■ **Brief**
Would you repeat word for word the lines of the listing that follows, from the one with "Sarah Lou Nails: Rose Gold Marble Nails!" up to and including the one with "Image of Dockers", and leave out the images?

■ **Exercise materials**
--
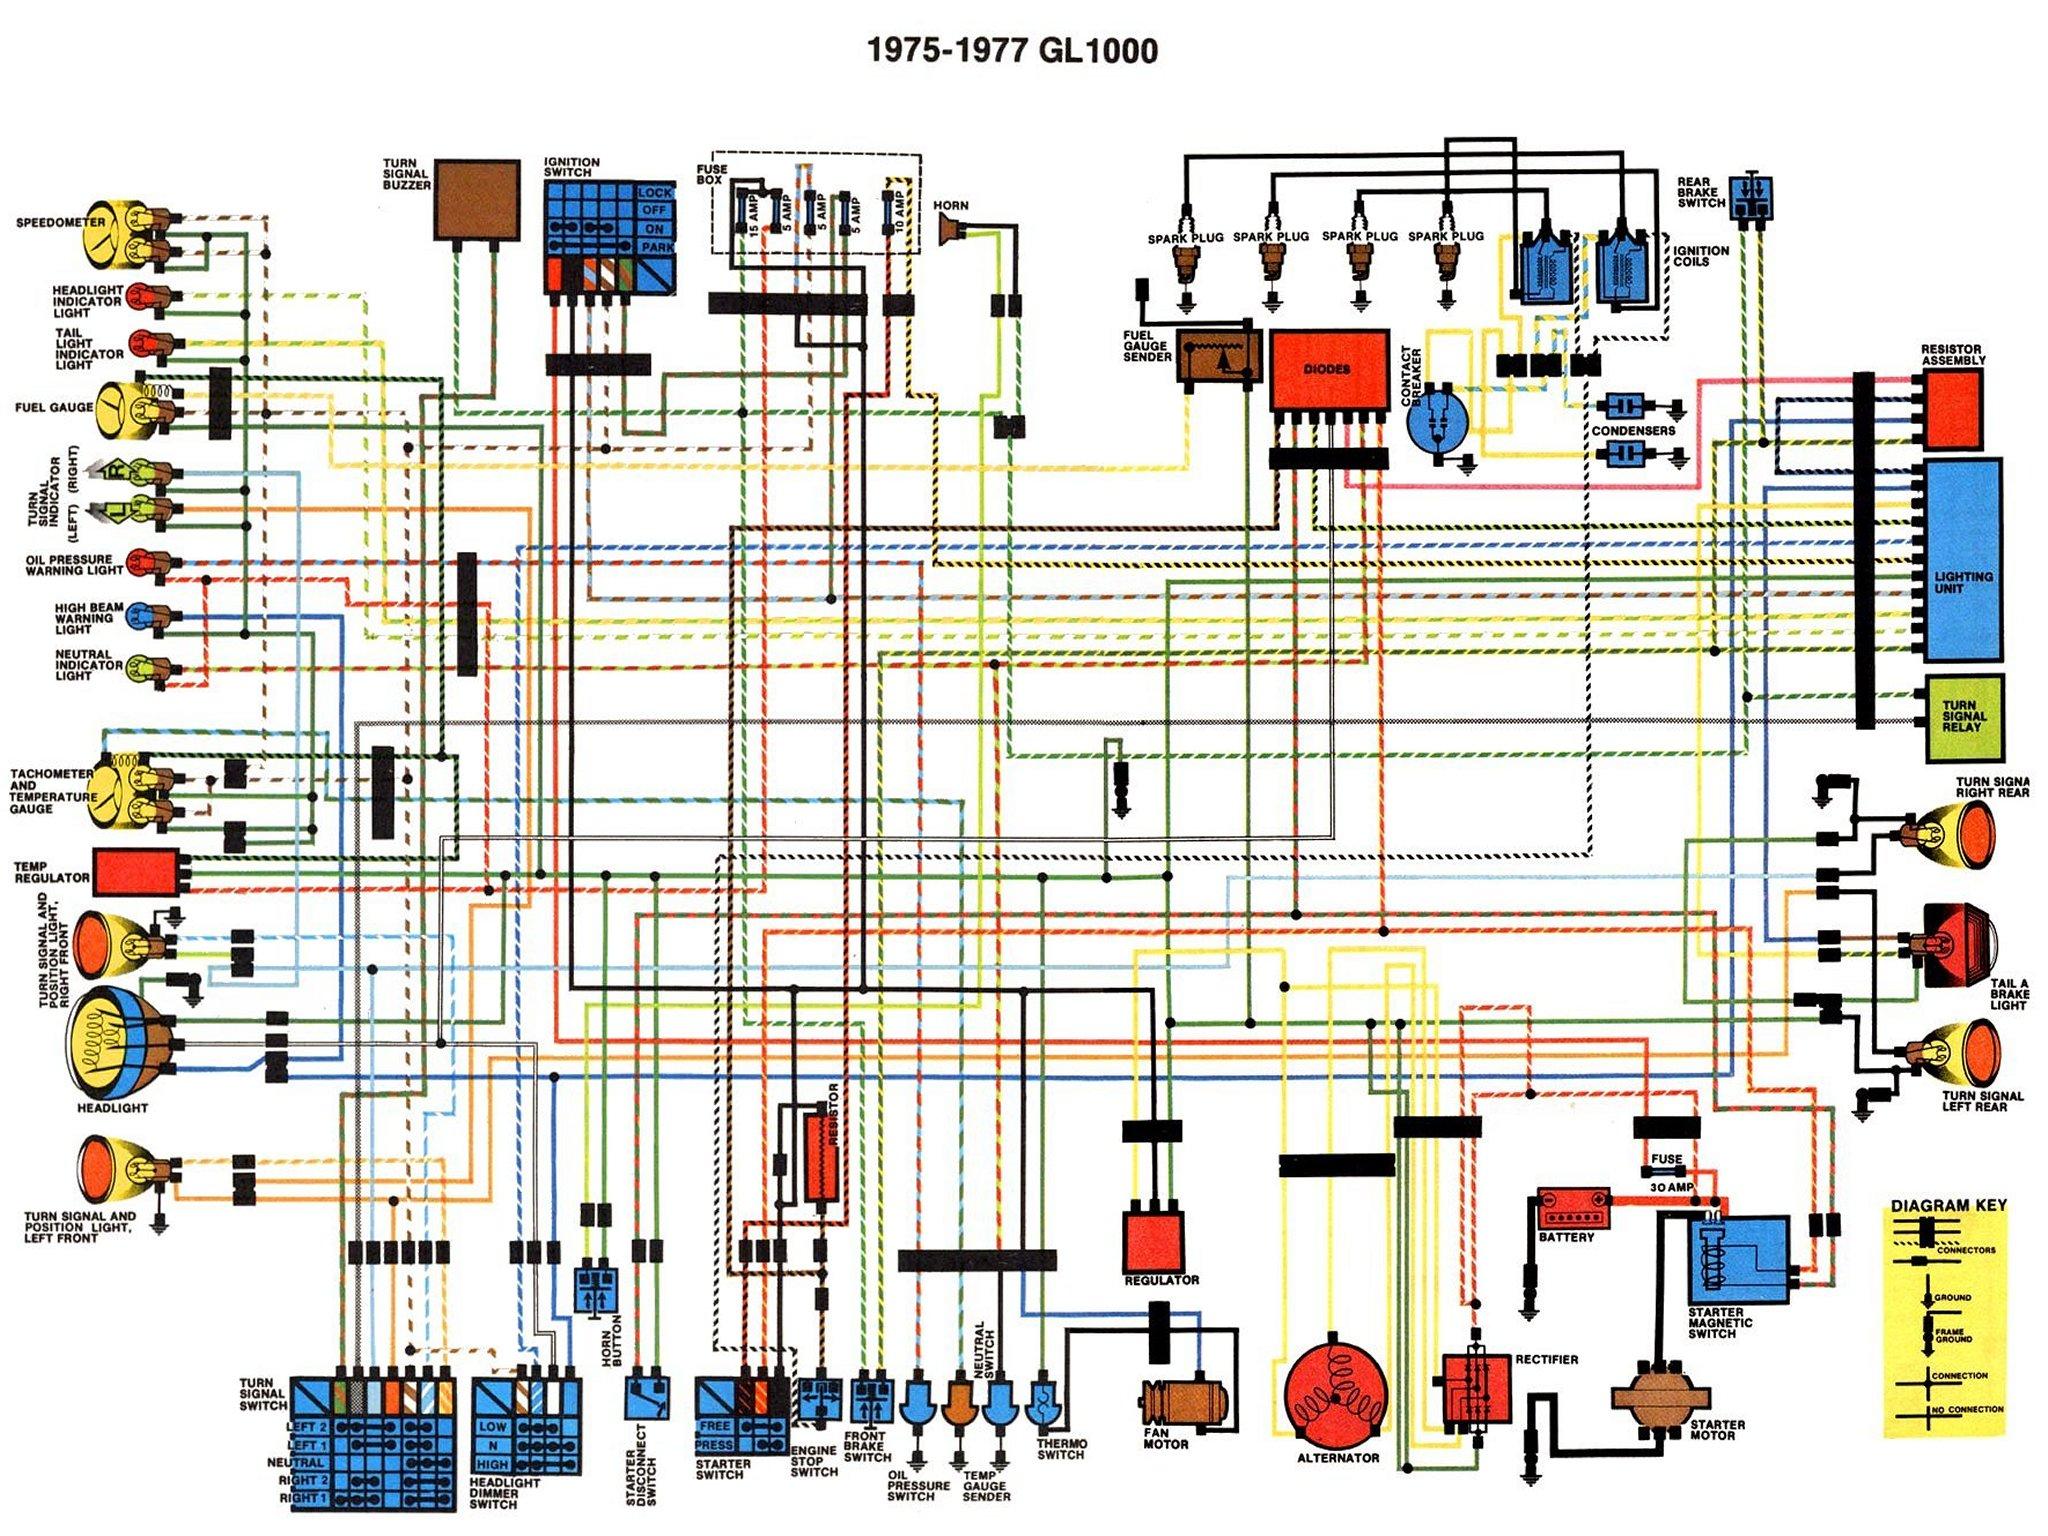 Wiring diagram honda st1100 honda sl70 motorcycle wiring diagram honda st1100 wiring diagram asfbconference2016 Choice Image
--
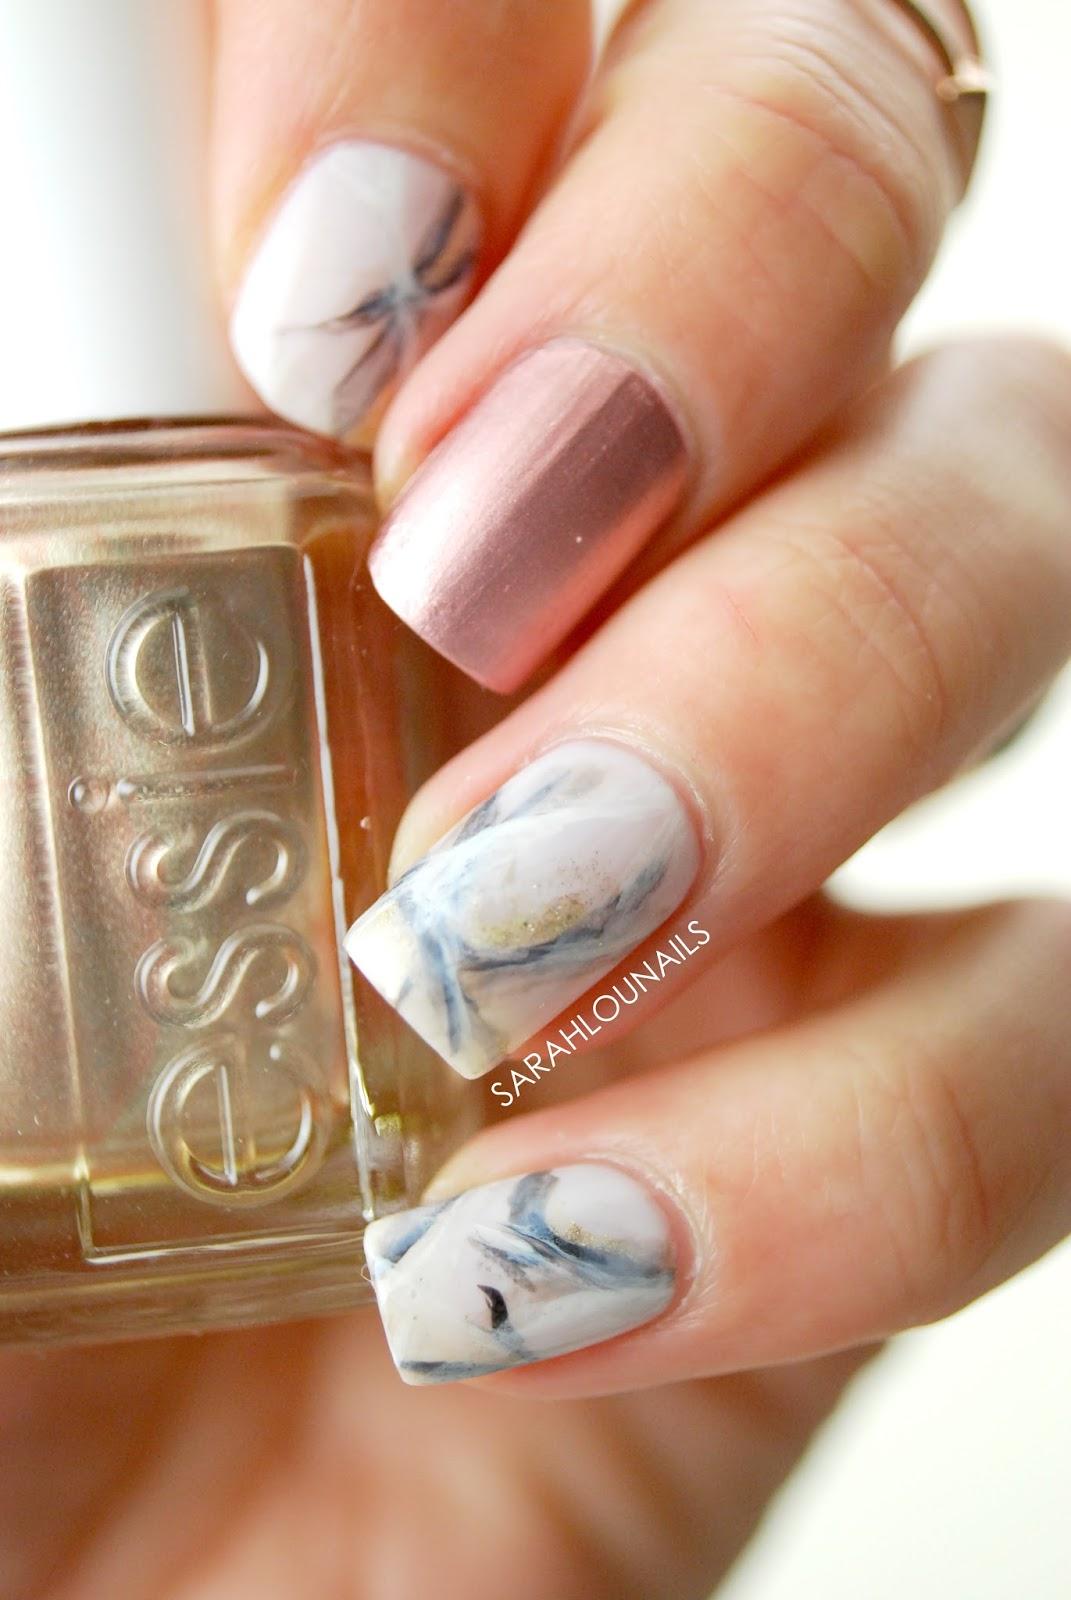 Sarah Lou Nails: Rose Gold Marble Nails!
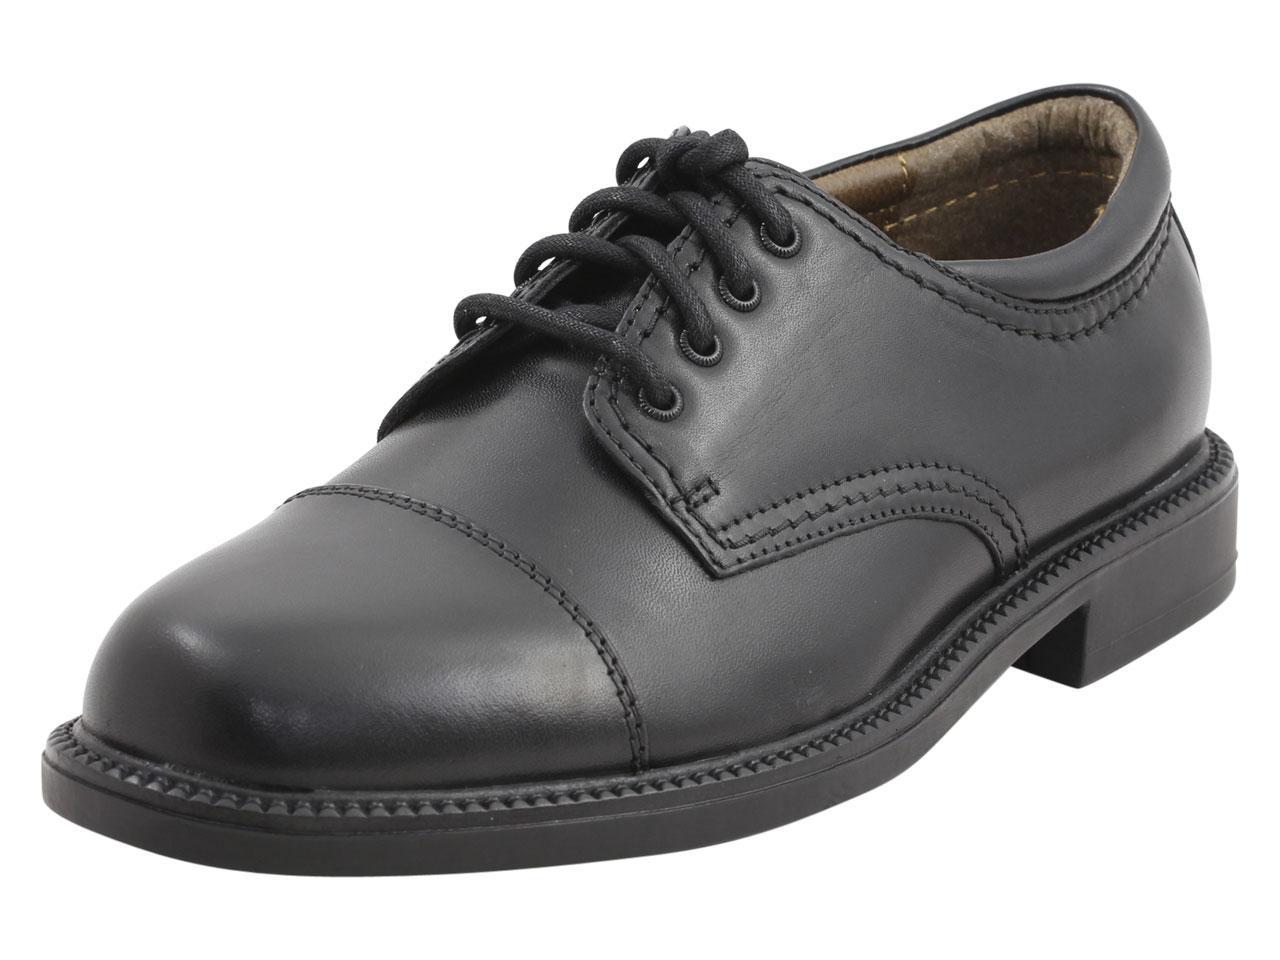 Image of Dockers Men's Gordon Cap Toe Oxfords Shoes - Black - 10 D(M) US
--
■ **Completed exercise**
 Sarah Lou Nails: Rose Gold Marble Nails!
 Image of Dockers Men's Gordon Cap Toe Oxfords Shoes - Black - 10 D(M) US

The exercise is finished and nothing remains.